那根早已蓄势待发的滚烫肉棒刹那间弹了出来,直直地打在空气中。
下方两颗沉甸甸的睾丸随时蓄势待发,上方是卷曲茂密的阴毛。在这些黑色的毛发中间,肉棒嚣张地向上翘起,紫红色的柱身上面,粗壮的青筋如虬龙般暴起。硕大的龟头顶端已经渗出了几滴透明的前列腺液,在室外的微风中微微跳动,目标直直地指向我。
看着那根不断跳动着向我耀武扬威的器官,我原本想用左脚重重地踩他两下发泄一下。但对他这样的变态足控来说,被白丝包裹的脚底踩在肉棒上,说不定还是求之不得的奖励。于是我又打算伸出还穿着乐福鞋的右脚。但转念一想,鞋底刚才一路走来沾着各种灰尘和泥土,要是踩上去变得脏兮兮了,我可不想把这样的一根脏东西插进体内。

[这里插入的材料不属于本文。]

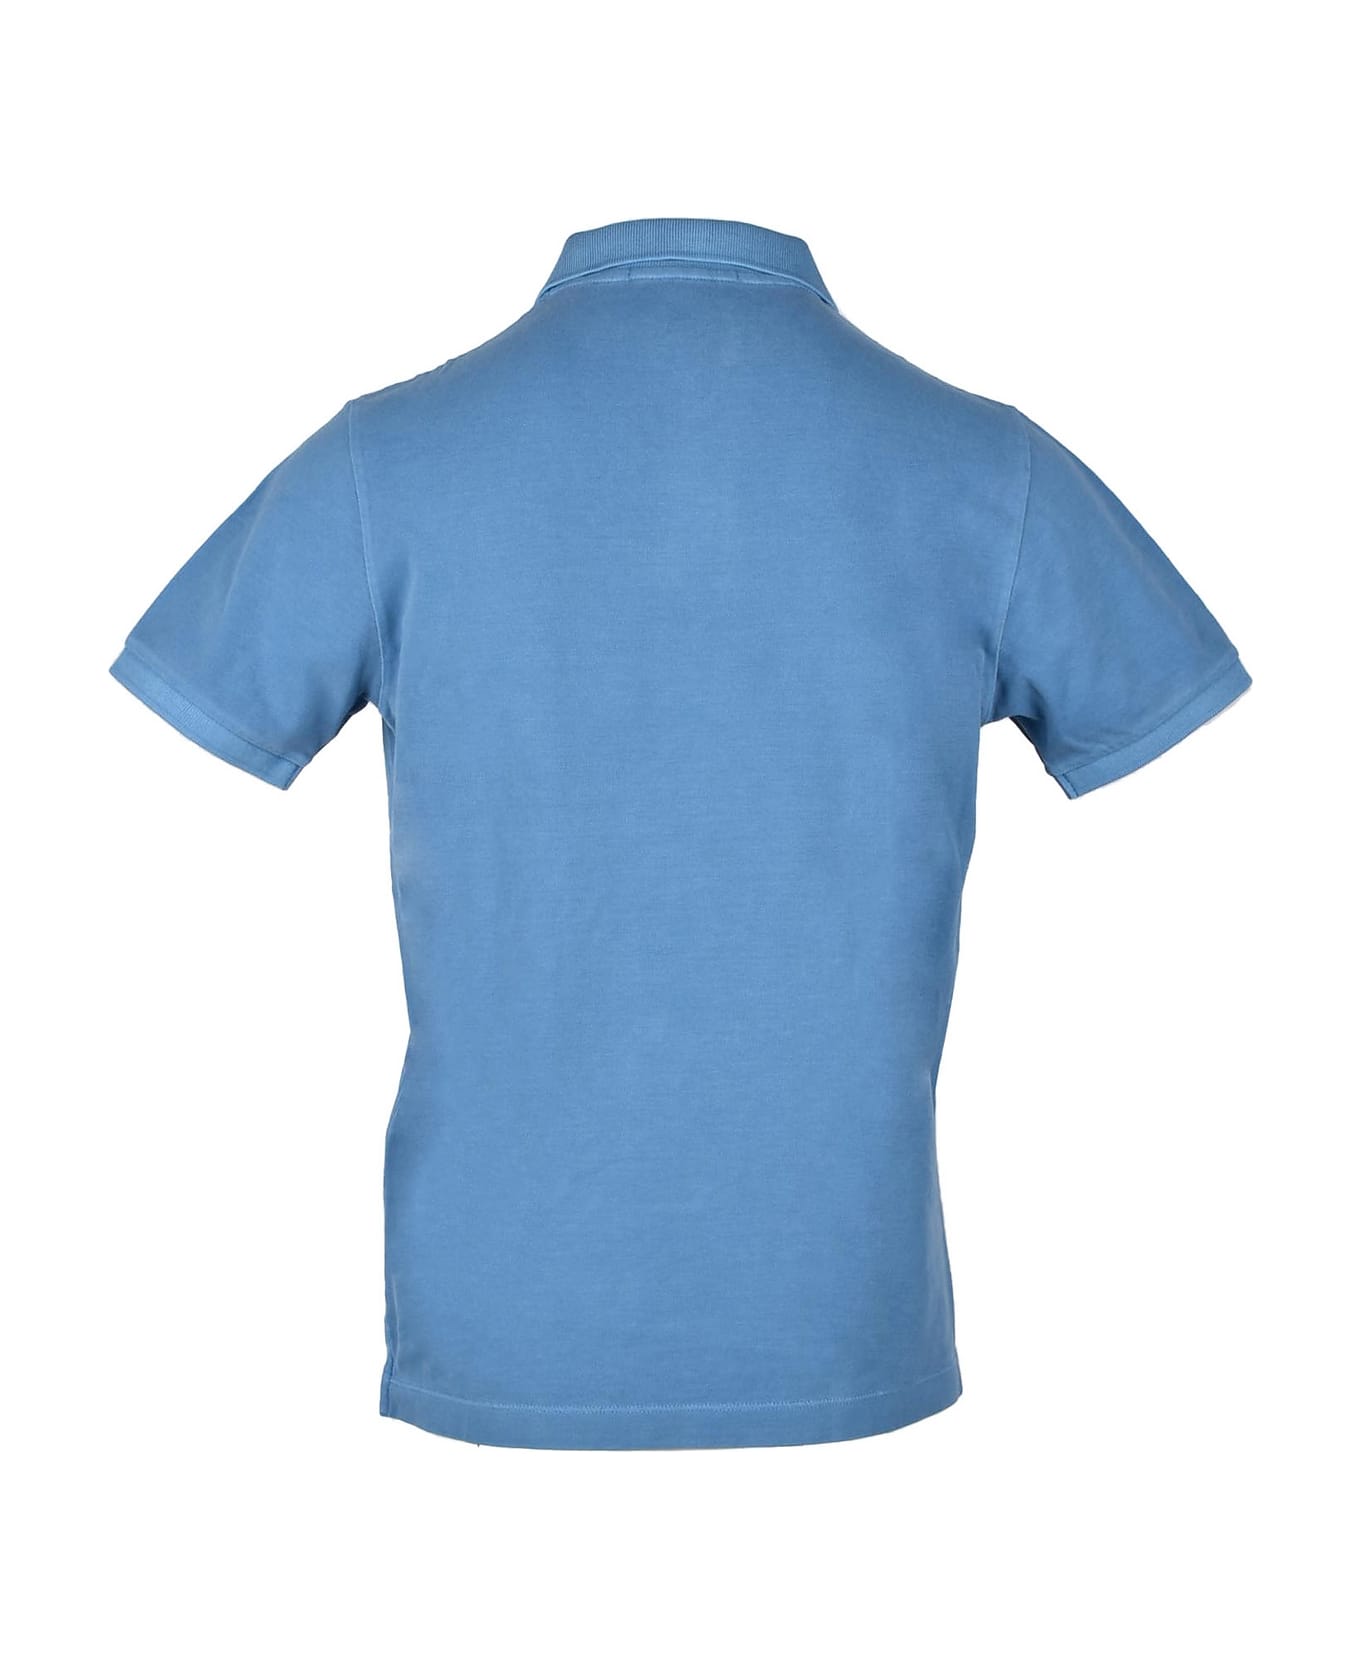 Stone Island Men's Light Blue Shirt - Light Blue

于是,我那只伸出去的右脚,有些尴尬地悬停在了半空中。
月见千岁却趁着我发愣的这个间隙,直接伸手,再次握住了我悬在半空中的右脚。我原本还以为他打算把这另一只鞋子也脱下来,彻底剥除我的武装,却没想到他双手捧着我的脚踝,用拇指在鞋后跟处细细揣摩了两下后,张口命令道:
「伊织,把脚弓起来。」
「哈?」
我不明所以地看着他,但慑于他此刻不容拒绝的气场,只好听着照做,在逼仄的皮鞋内,将右脚的脚掌勉强向上弓起一个明显的弧度。
这家伙直接跨前一步,站在我大张的两脚之间。趁着我还没搞懂他到底要干嘛的状态下,居然伸手握住他那根滚烫的肉棒,直接向我弓起的白丝脚底与乐福鞋鞋面之间形成的空隙,硬生生地插了进去!

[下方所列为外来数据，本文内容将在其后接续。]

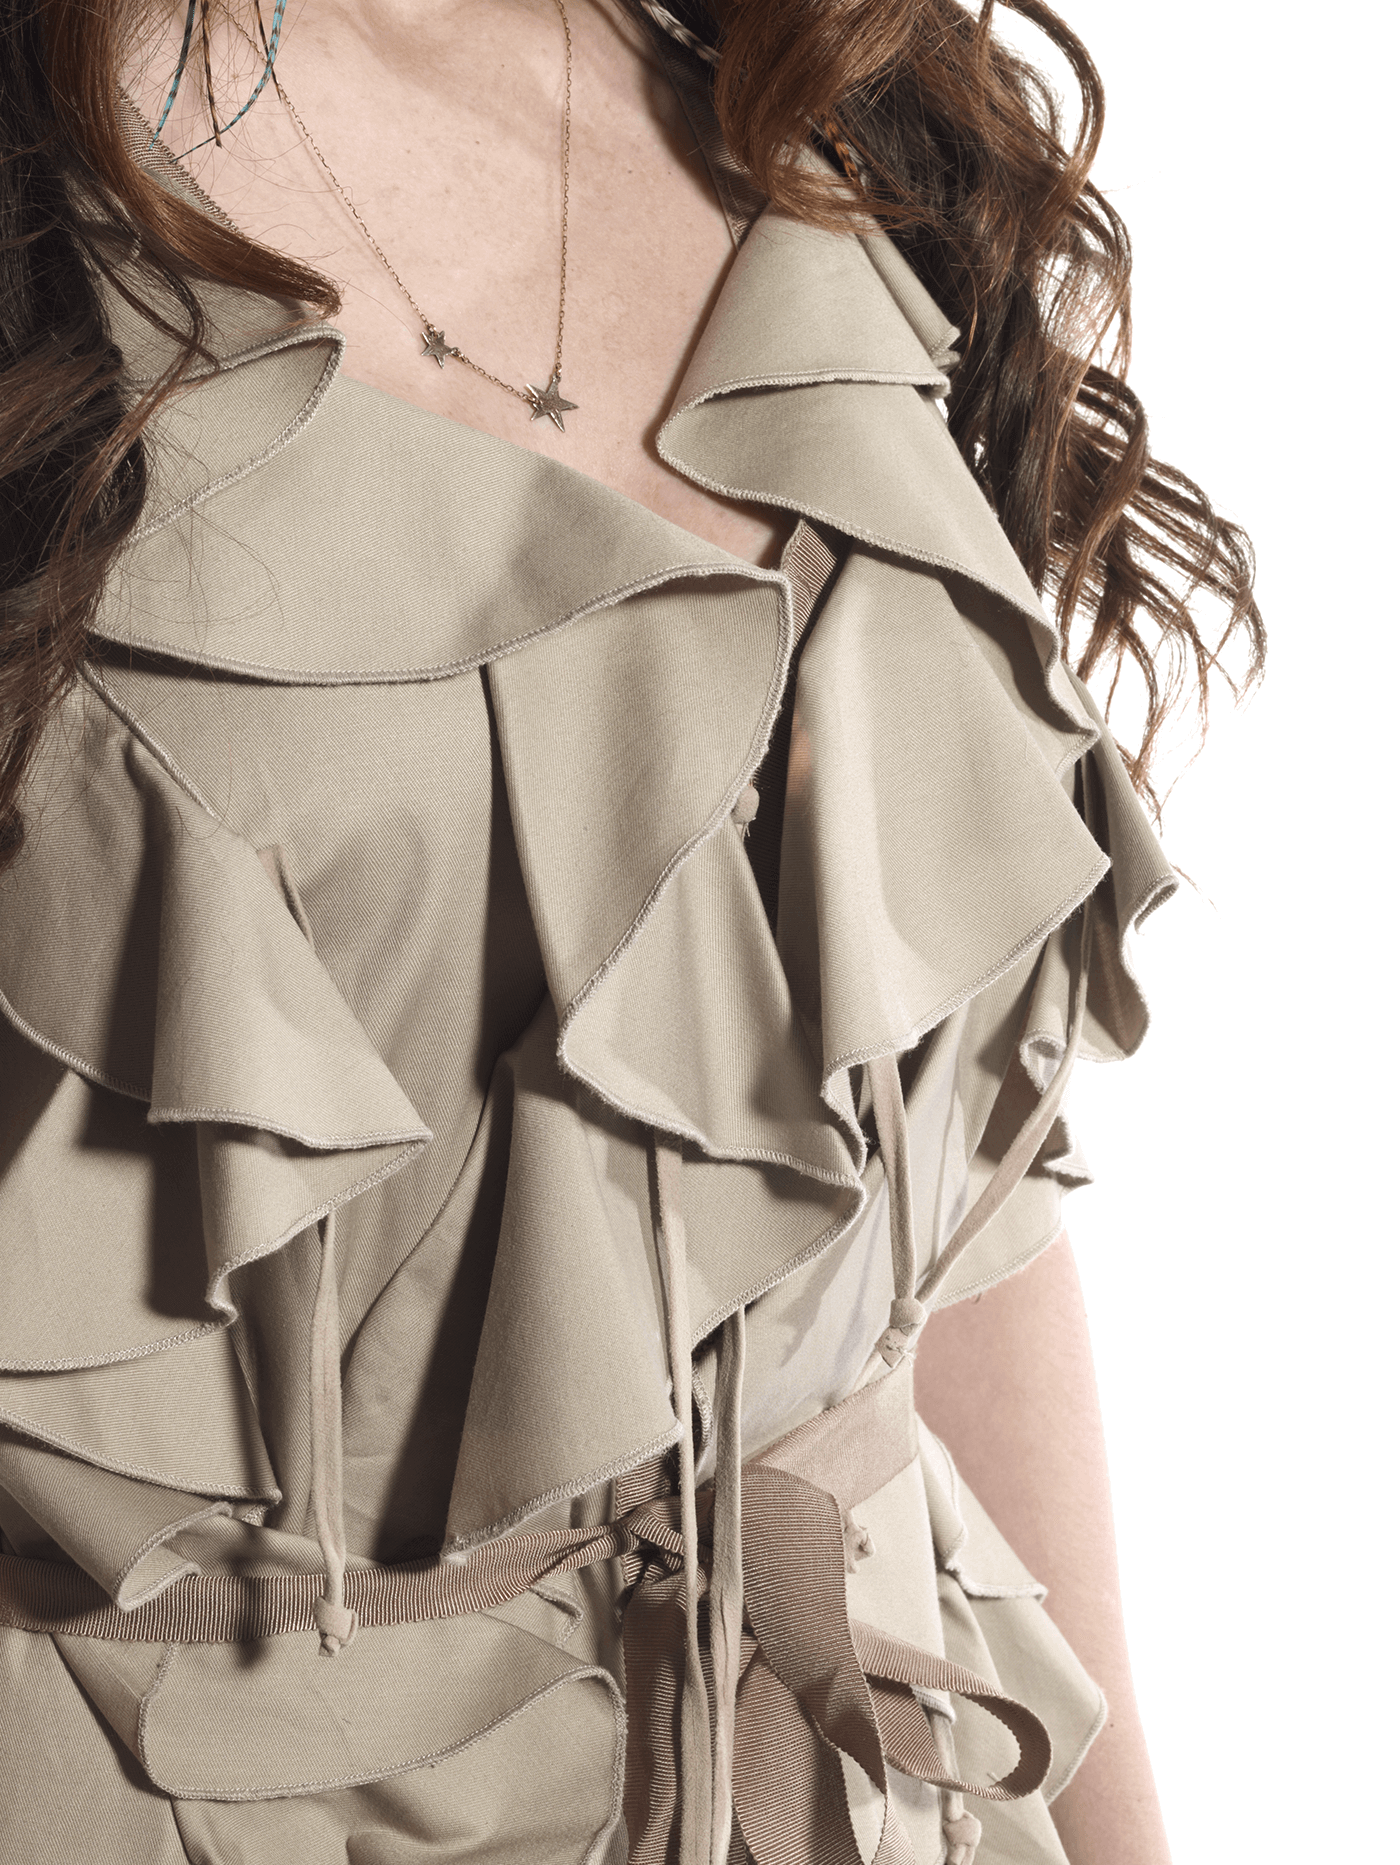 Casual Dress in Tan- Chic Belt- Front Zipper- Ruffled Detail

当大腿的神经终于向大脑反馈他干了什么的时候,那颗硕大的、沾着前列腺液的龟头,已经蛮横地挤进了黑色的皮鞋里,滚烫的柱身紧紧贴合在我被白丝包裹住的脚掌底端!
这种玩法,即便是以我作为男性时的经验出发,恐怕也只能在被分类进猎奇分区的极端足控的影片里看见。刚才被喷尿冲刷击碎的羞耻心,顿时再一次熊熊燃起。
「死变态!脏不脏啊,恶心死了!快拔出来!」
我大叫起来,用力甩了两下右脚。但小腿被他宽大的手掌死死握住,不仅根本甩不掉紧紧塞在脚底皮鞋里的那根肉棒,他反而就着我的挣扎,腰部一个挺身,将粗壮的肉棒再次向前用力挪动了几分,几乎填满了鞋内的每一寸多余空间。
他坏笑着反问:
「伊织以前当男生的时候没看过这种吗?我还以为像伊织满脑子色色的,什么姿势都见过呢?」
「混蛋月见千岁!你待会别想插进来!」
我咬牙切齿地大喊,毫无顾忌地抬起左脚,朝着他的大腿和屁股猛踹了两下,用来发泄心中的狂躁。
「哼……」
他发出了一声沉闷的鼻音。显然,这声闷哼不是因为被我踹了两下,而是因为女式乐福鞋的皮革鞋面并不算特别柔软。我虽然极力将脚掌弓起,但抬起的脚底与坚硬的鞋面之间的缝隙终究并不算太大。这种空间对于一般尺寸的男性来说或许恰到好处,但对于他这根青筋暴起、超出常人的肉棒来说,反而成了强烈的挤压与束缚,让他并不太好受。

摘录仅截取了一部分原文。